── Provided entries
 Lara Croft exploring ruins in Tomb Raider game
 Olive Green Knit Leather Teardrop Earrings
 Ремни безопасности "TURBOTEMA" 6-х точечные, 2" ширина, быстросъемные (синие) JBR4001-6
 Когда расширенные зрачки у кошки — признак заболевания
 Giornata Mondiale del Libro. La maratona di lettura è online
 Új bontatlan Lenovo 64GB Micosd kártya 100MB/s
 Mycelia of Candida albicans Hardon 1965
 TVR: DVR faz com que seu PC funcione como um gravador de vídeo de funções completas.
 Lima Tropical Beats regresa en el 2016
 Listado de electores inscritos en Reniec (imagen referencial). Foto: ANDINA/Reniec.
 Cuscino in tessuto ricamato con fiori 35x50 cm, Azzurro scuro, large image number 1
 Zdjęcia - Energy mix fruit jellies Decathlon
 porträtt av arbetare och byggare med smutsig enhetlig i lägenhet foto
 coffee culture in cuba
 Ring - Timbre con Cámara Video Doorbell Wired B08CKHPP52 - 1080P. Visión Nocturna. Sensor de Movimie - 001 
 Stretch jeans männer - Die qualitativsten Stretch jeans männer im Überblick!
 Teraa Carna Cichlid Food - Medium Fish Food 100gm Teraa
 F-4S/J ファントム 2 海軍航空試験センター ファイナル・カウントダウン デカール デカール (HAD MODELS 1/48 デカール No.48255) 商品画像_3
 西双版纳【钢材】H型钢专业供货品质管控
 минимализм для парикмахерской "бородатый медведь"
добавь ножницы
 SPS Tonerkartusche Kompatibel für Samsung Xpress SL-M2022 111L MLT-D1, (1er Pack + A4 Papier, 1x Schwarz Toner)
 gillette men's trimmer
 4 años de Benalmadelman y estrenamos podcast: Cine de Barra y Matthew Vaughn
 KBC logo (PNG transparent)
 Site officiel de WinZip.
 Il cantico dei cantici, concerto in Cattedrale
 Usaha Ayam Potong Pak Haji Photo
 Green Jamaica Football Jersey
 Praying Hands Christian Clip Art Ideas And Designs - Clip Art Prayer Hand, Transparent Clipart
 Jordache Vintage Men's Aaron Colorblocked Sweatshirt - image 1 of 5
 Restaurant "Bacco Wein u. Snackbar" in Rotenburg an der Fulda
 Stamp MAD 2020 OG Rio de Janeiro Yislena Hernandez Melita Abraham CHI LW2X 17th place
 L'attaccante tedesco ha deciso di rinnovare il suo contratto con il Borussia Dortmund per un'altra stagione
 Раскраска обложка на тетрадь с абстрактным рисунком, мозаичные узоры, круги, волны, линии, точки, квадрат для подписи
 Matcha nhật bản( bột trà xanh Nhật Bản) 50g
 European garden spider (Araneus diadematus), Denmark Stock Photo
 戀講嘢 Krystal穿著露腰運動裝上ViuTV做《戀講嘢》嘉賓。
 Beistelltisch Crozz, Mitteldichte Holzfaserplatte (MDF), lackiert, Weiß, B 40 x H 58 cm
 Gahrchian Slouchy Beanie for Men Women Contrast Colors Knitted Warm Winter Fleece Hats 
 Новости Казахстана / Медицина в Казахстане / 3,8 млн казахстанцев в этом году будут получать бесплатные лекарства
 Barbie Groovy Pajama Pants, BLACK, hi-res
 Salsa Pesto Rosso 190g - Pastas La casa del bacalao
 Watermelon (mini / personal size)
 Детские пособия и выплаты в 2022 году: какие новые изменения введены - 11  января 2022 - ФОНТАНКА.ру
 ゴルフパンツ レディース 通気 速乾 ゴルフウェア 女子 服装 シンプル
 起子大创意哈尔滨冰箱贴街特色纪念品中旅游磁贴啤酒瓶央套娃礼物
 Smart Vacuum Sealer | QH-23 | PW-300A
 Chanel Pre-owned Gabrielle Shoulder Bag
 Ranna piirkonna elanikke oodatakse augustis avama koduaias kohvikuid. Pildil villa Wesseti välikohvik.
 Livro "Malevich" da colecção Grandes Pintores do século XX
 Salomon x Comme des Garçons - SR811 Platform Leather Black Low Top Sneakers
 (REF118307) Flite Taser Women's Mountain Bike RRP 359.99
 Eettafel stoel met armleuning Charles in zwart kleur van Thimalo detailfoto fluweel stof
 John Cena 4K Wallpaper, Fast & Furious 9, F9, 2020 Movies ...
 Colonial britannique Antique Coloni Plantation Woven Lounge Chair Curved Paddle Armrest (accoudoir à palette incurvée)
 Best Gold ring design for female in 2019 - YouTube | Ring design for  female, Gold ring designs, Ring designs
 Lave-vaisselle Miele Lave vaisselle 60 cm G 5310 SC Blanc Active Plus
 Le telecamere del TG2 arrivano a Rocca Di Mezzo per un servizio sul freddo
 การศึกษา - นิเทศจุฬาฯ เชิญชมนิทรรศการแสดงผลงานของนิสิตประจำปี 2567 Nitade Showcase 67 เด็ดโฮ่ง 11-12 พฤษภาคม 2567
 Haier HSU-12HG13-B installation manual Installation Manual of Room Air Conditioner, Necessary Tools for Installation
────
→ Work item: What you give back must match the records word for word.

→ Final answer:
 Lara Croft exploring ruins in Tomb Raider game
 Olive Green Knit Leather Teardrop Earrings
 Ремни безопасности "TURBOTEMA" 6-х точечные, 2" ширина, быстросъемные (синие) JBR4001-6
 Когда расширенные зрачки у кошки — признак заболевания
 Giornata Mondiale del Libro. La maratona di lettura è online
 Új bontatlan Lenovo 64GB Micosd kártya 100MB/s
 Mycelia of Candida albicans Hardon 1965
 TVR: DVR faz com que seu PC funcione como um gravador de vídeo de funções completas.
 Lima Tropical Beats regresa en el 2016
 Listado de electores inscritos en Reniec (imagen referencial). Foto: ANDINA/Reniec.
 Cuscino in tessuto ricamato con fiori 35x50 cm, Azzurro scuro, large image number 1
 Zdjęcia - Energy mix fruit jellies Decathlon
 porträtt av arbetare och byggare med smutsig enhetlig i lägenhet foto
 coffee culture in cuba
 Ring - Timbre con Cámara Video Doorbell Wired B08CKHPP52 - 1080P. Visión Nocturna. Sensor de Movimie - 001 
 Stretch jeans männer - Die qualitativsten Stretch jeans männer im Überblick!
 Teraa Carna Cichlid Food - Medium Fish Food 100gm Teraa
 F-4S/J ファントム 2 海軍航空試験センター ファイナル・カウントダウン デカール デカール (HAD MODELS 1/48 デカール No.48255) 商品画像_3
 西双版纳【钢材】H型钢专业供货品质管控
 минимализм для парикмахерской "бородатый медведь"
добавь ножницы
 SPS Tonerkartusche Kompatibel für Samsung Xpress SL-M2022 111L MLT-D1, (1er Pack + A4 Papier, 1x Schwarz Toner)
 gillette men's trimmer
 4 años de Benalmadelman y estrenamos podcast: Cine de Barra y Matthew Vaughn
 KBC logo (PNG transparent)
 Site officiel de WinZip.
 Il cantico dei cantici, concerto in Cattedrale
 Usaha Ayam Potong Pak Haji Photo
 Green Jamaica Football Jersey
 Praying Hands Christian Clip Art Ideas And Designs - Clip Art Prayer Hand, Transparent Clipart
 Jordache Vintage Men's Aaron Colorblocked Sweatshirt - image 1 of 5
 Restaurant "Bacco Wein u. Snackbar" in Rotenburg an der Fulda
 Stamp MAD 2020 OG Rio de Janeiro Yislena Hernandez Melita Abraham CHI LW2X 17th place
 L'attaccante tedesco ha deciso di rinnovare il suo contratto con il Borussia Dortmund per un'altra stagione
 Раскраска обложка на тетрадь с абстрактным рисунком, мозаичные узоры, круги, волны, линии, точки, квадрат для подписи
 Matcha nhật bản( bột trà xanh Nhật Bản) 50g
 European garden spider (Araneus diadematus), Denmark Stock Photo
 戀講嘢 Krystal穿著露腰運動裝上ViuTV做《戀講嘢》嘉賓。
 Beistelltisch Crozz, Mitteldichte Holzfaserplatte (MDF), lackiert, Weiß, B 40 x H 58 cm
 Gahrchian Slouchy Beanie for Men Women Contrast Colors Knitted Warm Winter Fleece Hats 
 Новости Казахстана / Медицина в Казахстане / 3,8 млн казахстанцев в этом году будут получать бесплатные лекарства
 Barbie Groovy Pajama Pants, BLACK, hi-res
 Salsa Pesto Rosso 190g - Pastas La casa del bacalao
 Watermelon (mini / personal size)
 Детские пособия и выплаты в 2022 году: какие новые изменения введены - 11  января 2022 - ФОНТАНКА.ру
 ゴルフパンツ レディース 通気 速乾 ゴルフウェア 女子 服装 シンプル
 起子大创意哈尔滨冰箱贴街特色纪念品中旅游磁贴啤酒瓶央套娃礼物
 Smart Vacuum Sealer | QH-23 | PW-300A
 Chanel Pre-owned Gabrielle Shoulder Bag
 Ranna piirkonna elanikke oodatakse augustis avama koduaias kohvikuid. Pildil villa Wesseti välikohvik.
 Livro "Malevich" da colecção Grandes Pintores do século XX
 Salomon x Comme des Garçons - SR811 Platform Leather Black Low Top Sneakers
 (REF118307) Flite Taser Women's Mountain Bike RRP 359.99
 Eettafel stoel met armleuning Charles in zwart kleur van Thimalo detailfoto fluweel stof
 John Cena 4K Wallpaper, Fast & Furious 9, F9, 2020 Movies ...
 Colonial britannique Antique Coloni Plantation Woven Lounge Chair Curved Paddle Armrest (accoudoir à palette incurvée)
 Best Gold ring design for female in 2019 - YouTube | Ring design for  female, Gold ring designs, Ring designs
 Lave-vaisselle Miele Lave vaisselle 60 cm G 5310 SC Blanc Active Plus
 Le telecamere del TG2 arrivano a Rocca Di Mezzo per un servizio sul freddo
 การศึกษา - นิเทศจุฬาฯ เชิญชมนิทรรศการแสดงผลงานของนิสิตประจำปี 2567 Nitade Showcase 67 เด็ดโฮ่ง 11-12 พฤษภาคม 2567
 Haier HSU-12HG13-B installation manual Installation Manual of Room Air Conditioner, Necessary Tools for Installation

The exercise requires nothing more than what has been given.